REQUIRED WORK: Reproduce the listing below character for character; drop every image.
===== GIVEN INFORMATION
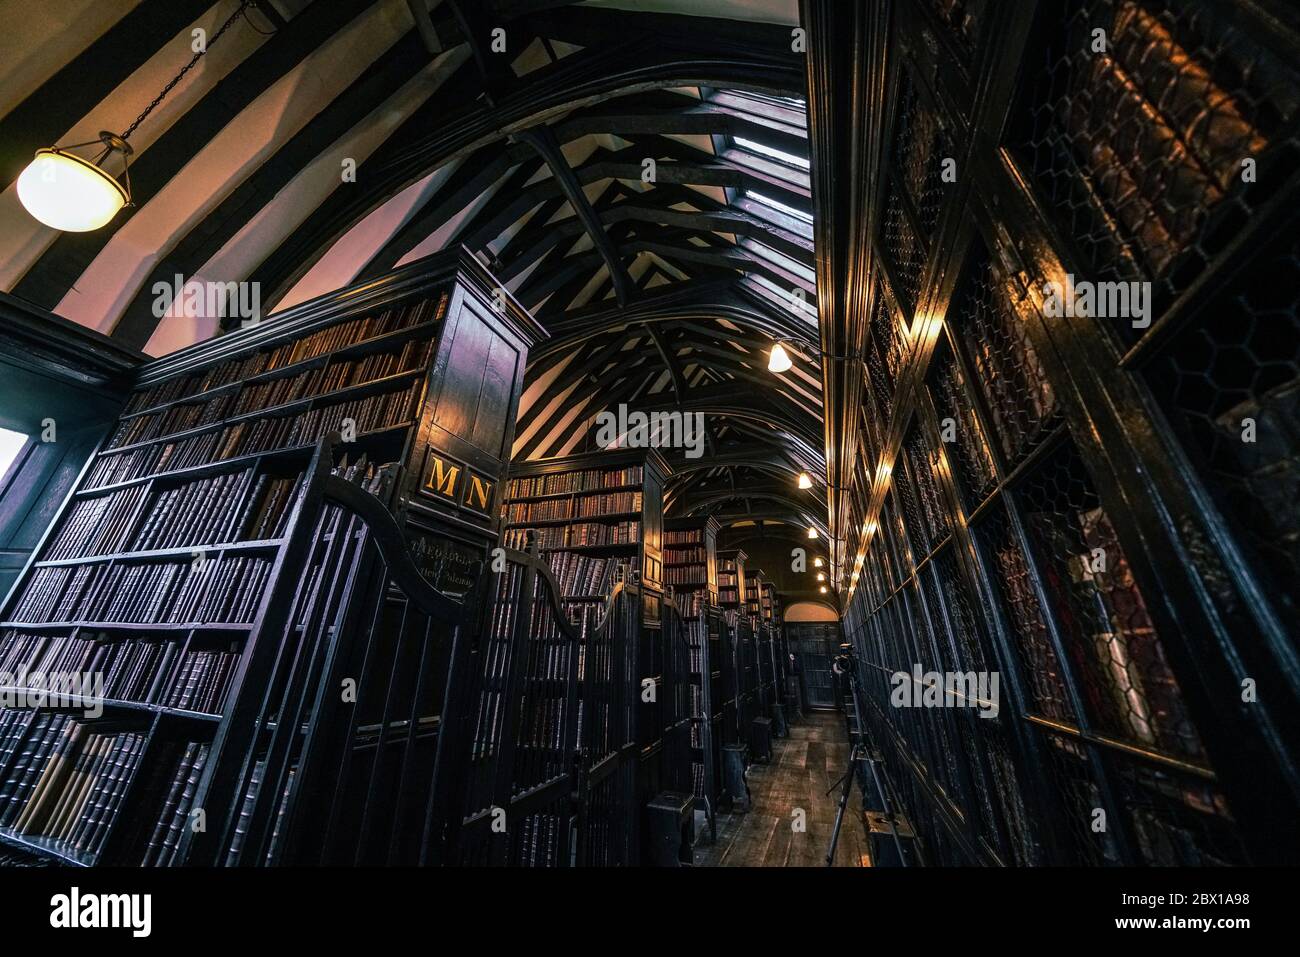 Manchester, Regno Unito - 03.11.2018. Biblioteca Chetham - biblioteca pubblica gratuita per oltre 350 anni. La più antica biblioteca del mondo di lingua inglese. Foto Stock
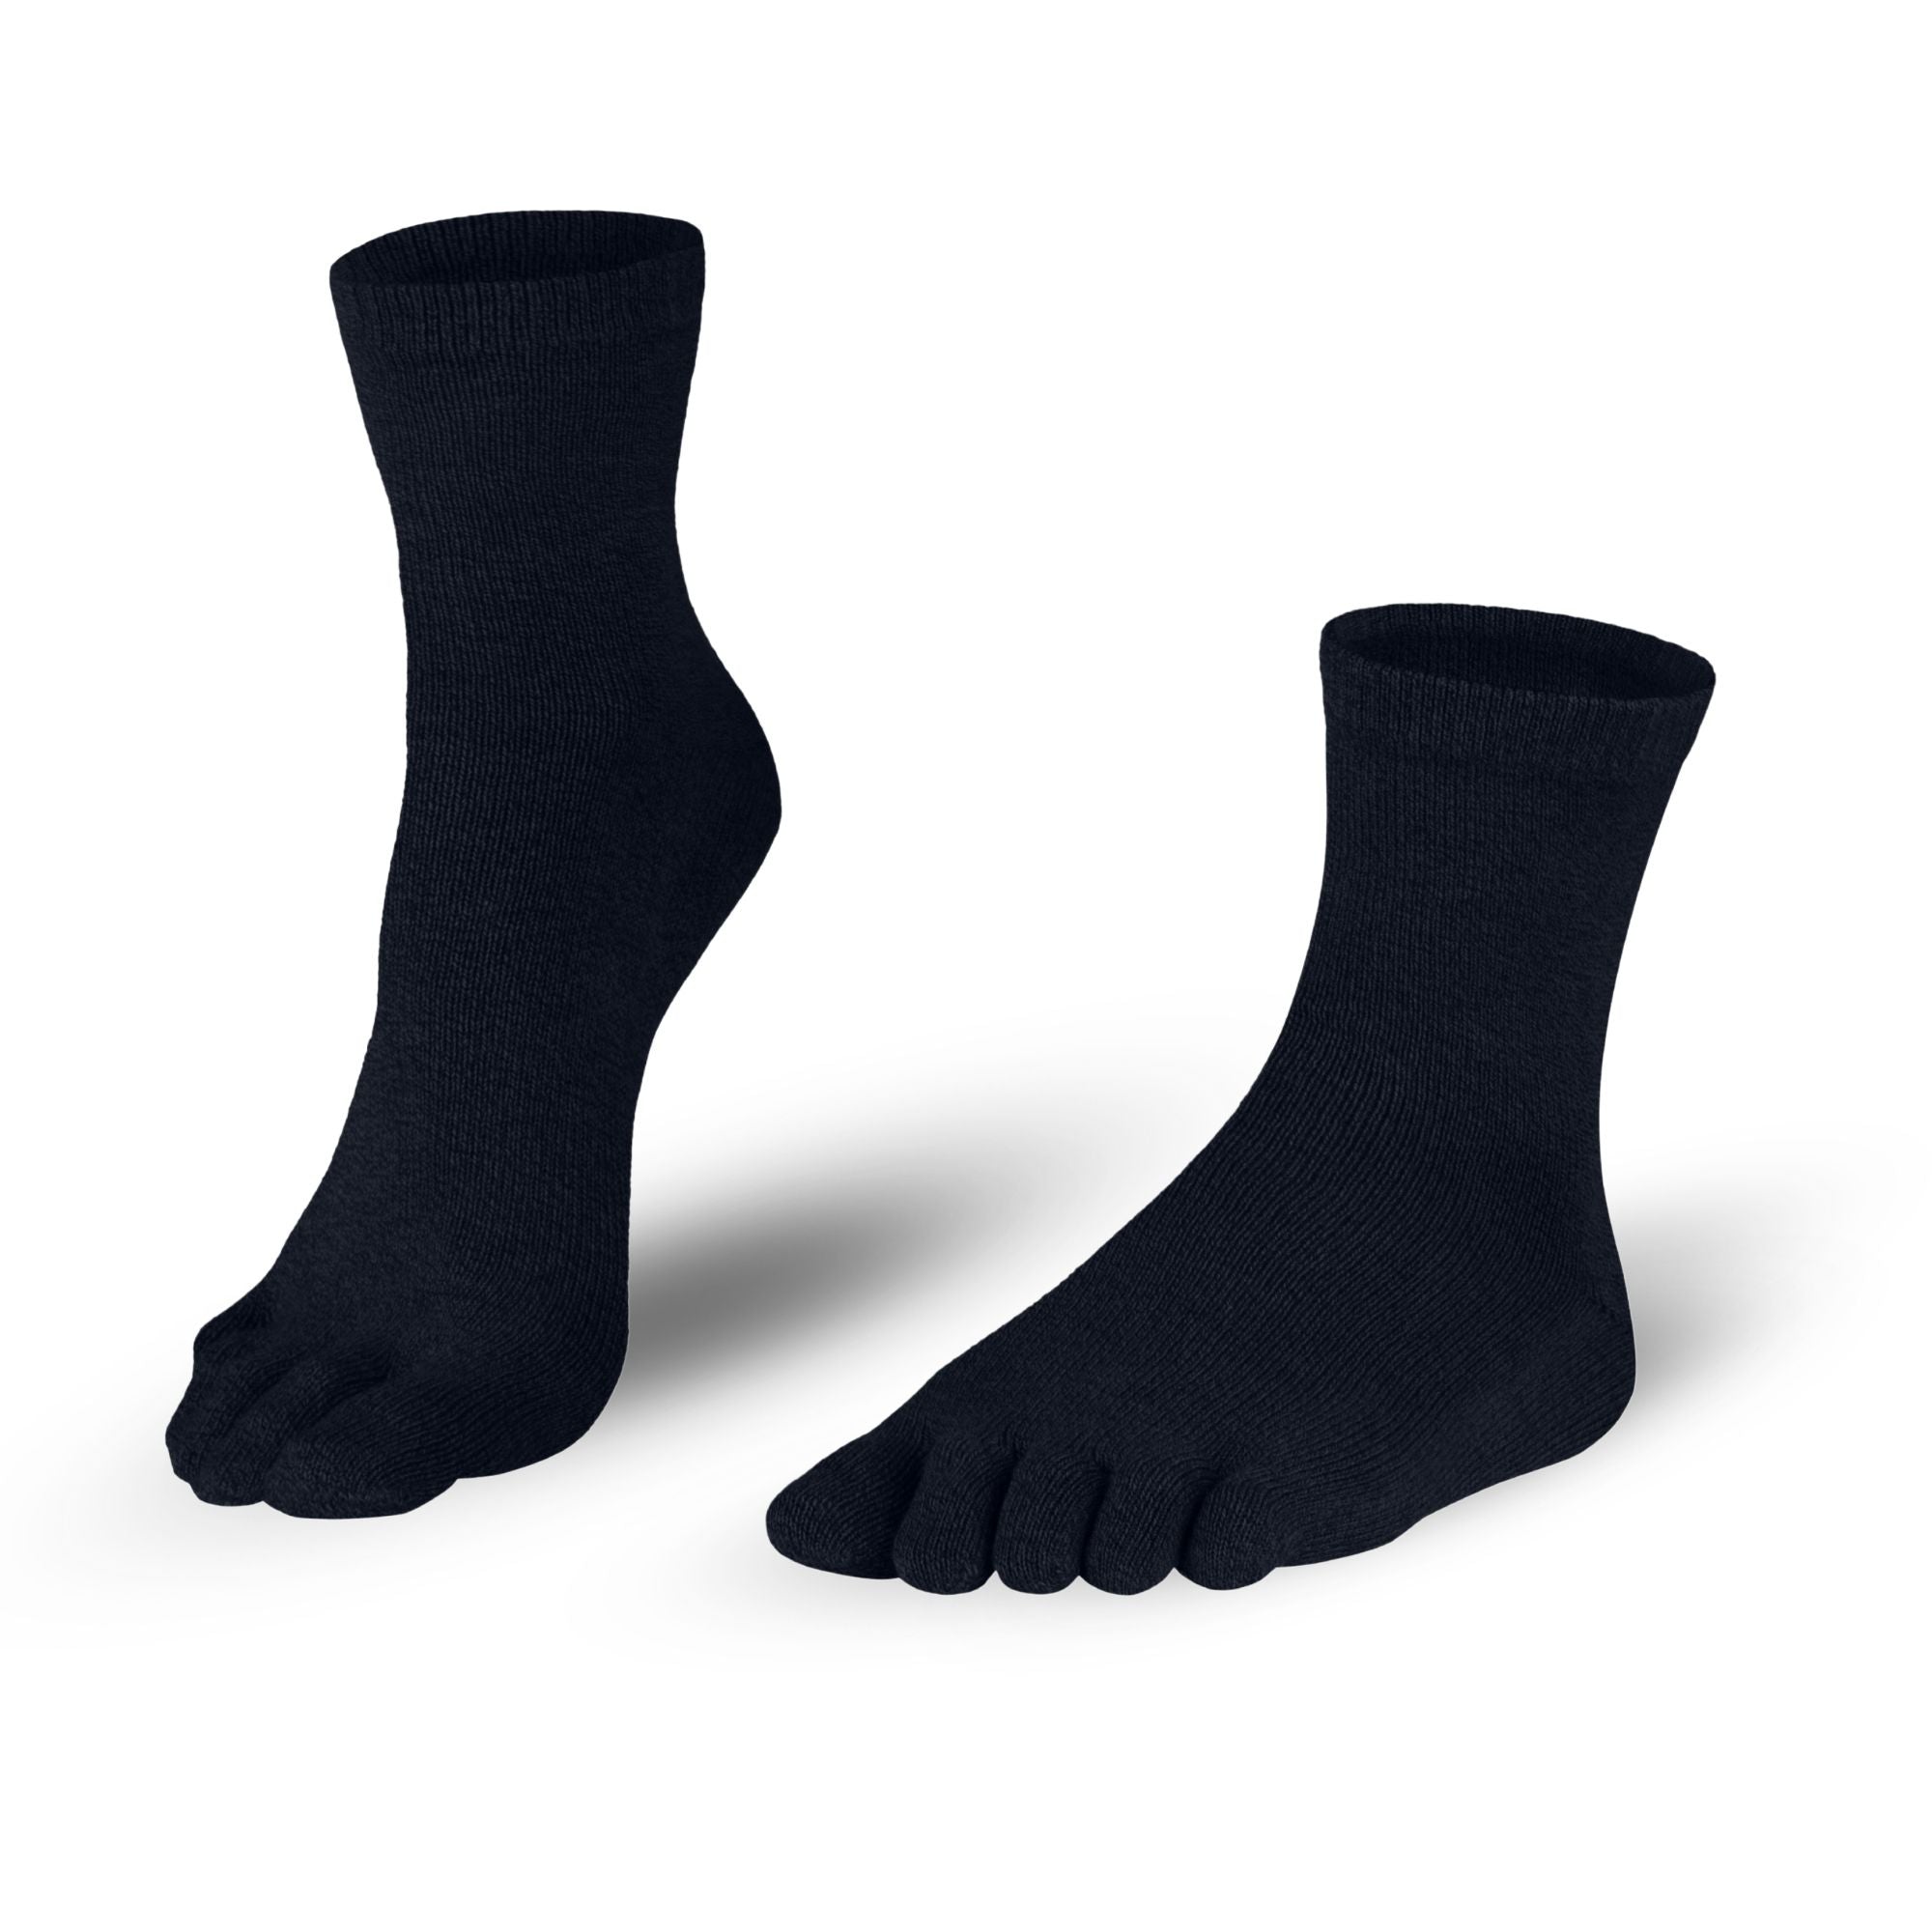 Bombažne nogavice za prste nogavic v črni barvi za dame in gospode
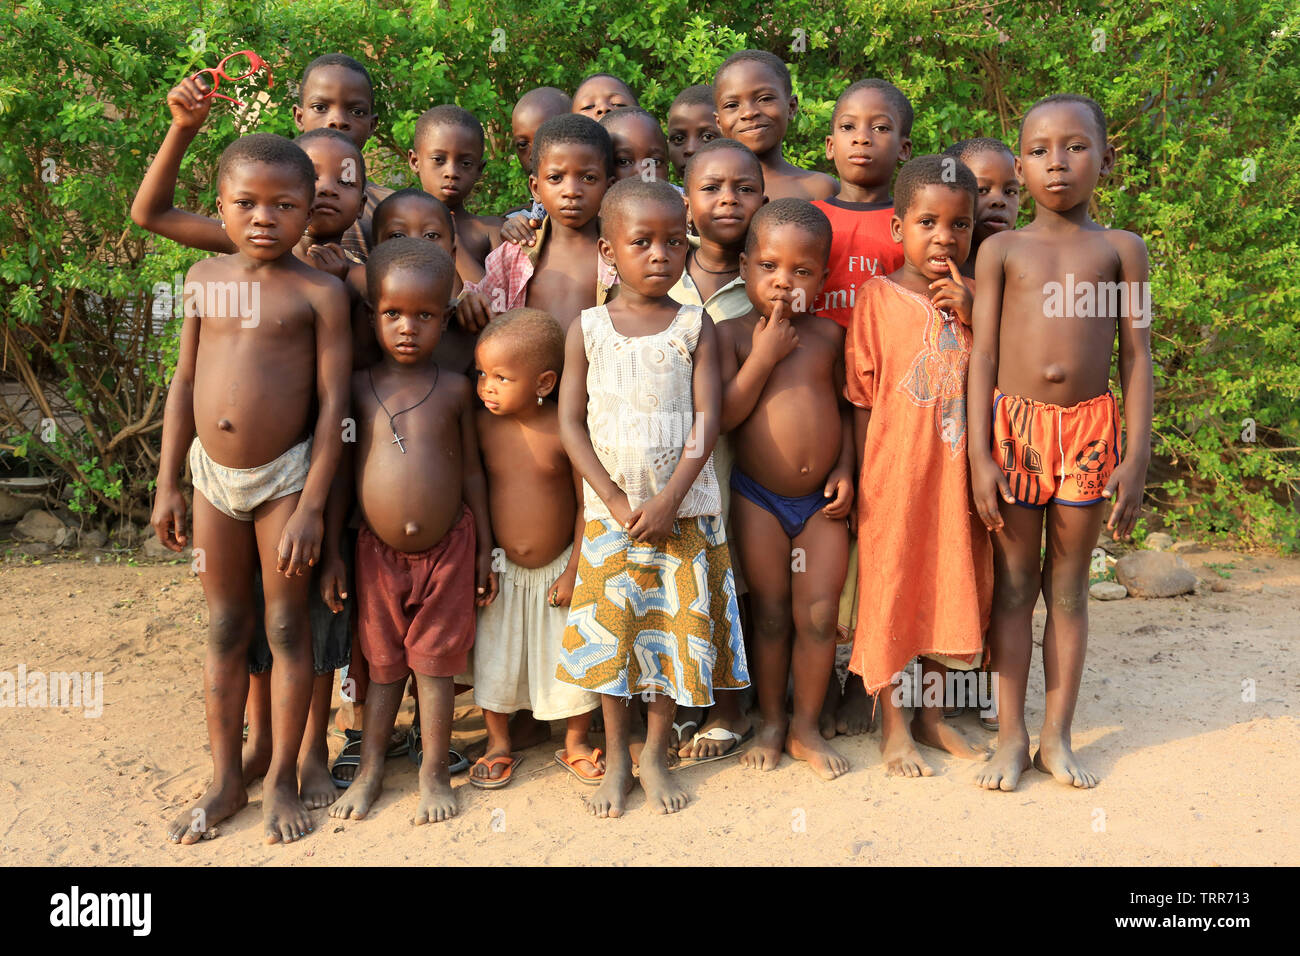 Groupe d'enfants Togolais. Datcha. Togo. Afrique de l'Ouest. Stock Photo
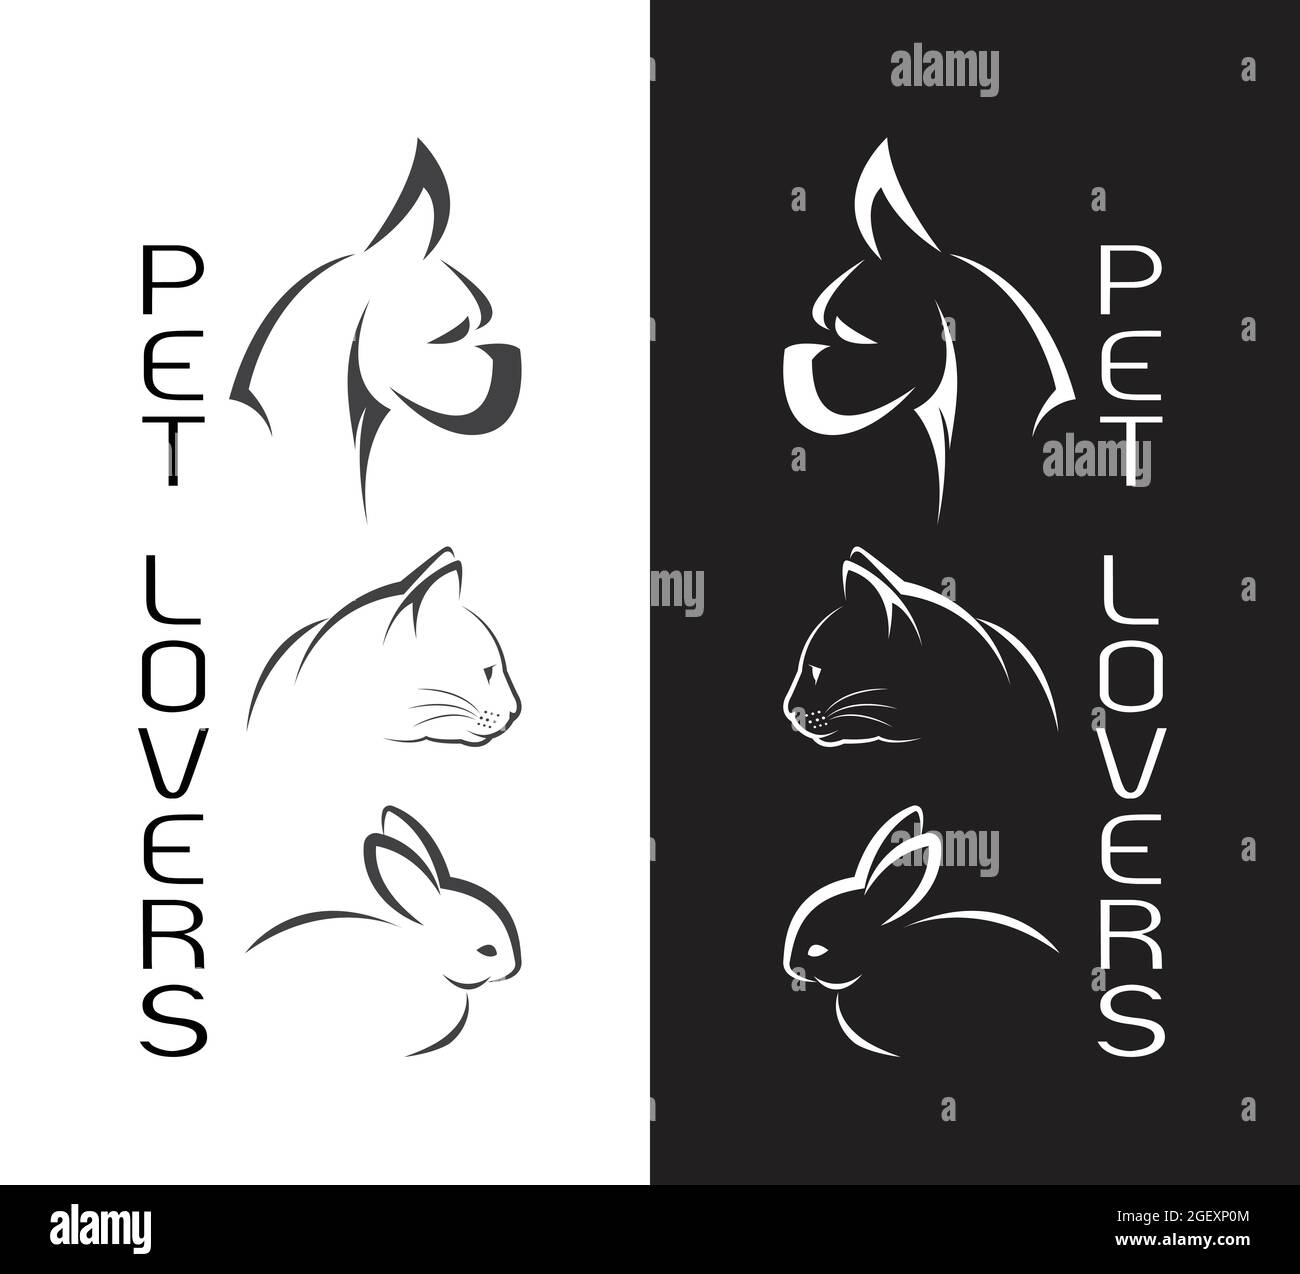 Vektor-Gruppe von Haustieren - Hund, Katze, Kaninchen, isoliert auf weißem Hintergrund und schwarzem Hintergrund / Pet Logo. Leicht editierbare Vektorgrafik mit Ebenen. Stock Vektor
==========
WRITTEN RESPONSE:
 Manchester, Regno Unito - 03.11.2018. Biblioteca Chetham - biblioteca pubblica gratuita per oltre 350 anni. La più antica biblioteca del mondo di lingua inglese. Foto Stock
 Bombažne nogavice za prste nogavic v črni barvi za dame in gospode
 Groupe d'enfants Togolais. Datcha. Togo. Afrique de l'Ouest. Stock Photo
 Vektor-Gruppe von Haustieren - Hund, Katze, Kaninchen, isoliert auf weißem Hintergrund und schwarzem Hintergrund / Pet Logo. Leicht editierbare Vektorgrafik mit Ebenen. Stock Vektor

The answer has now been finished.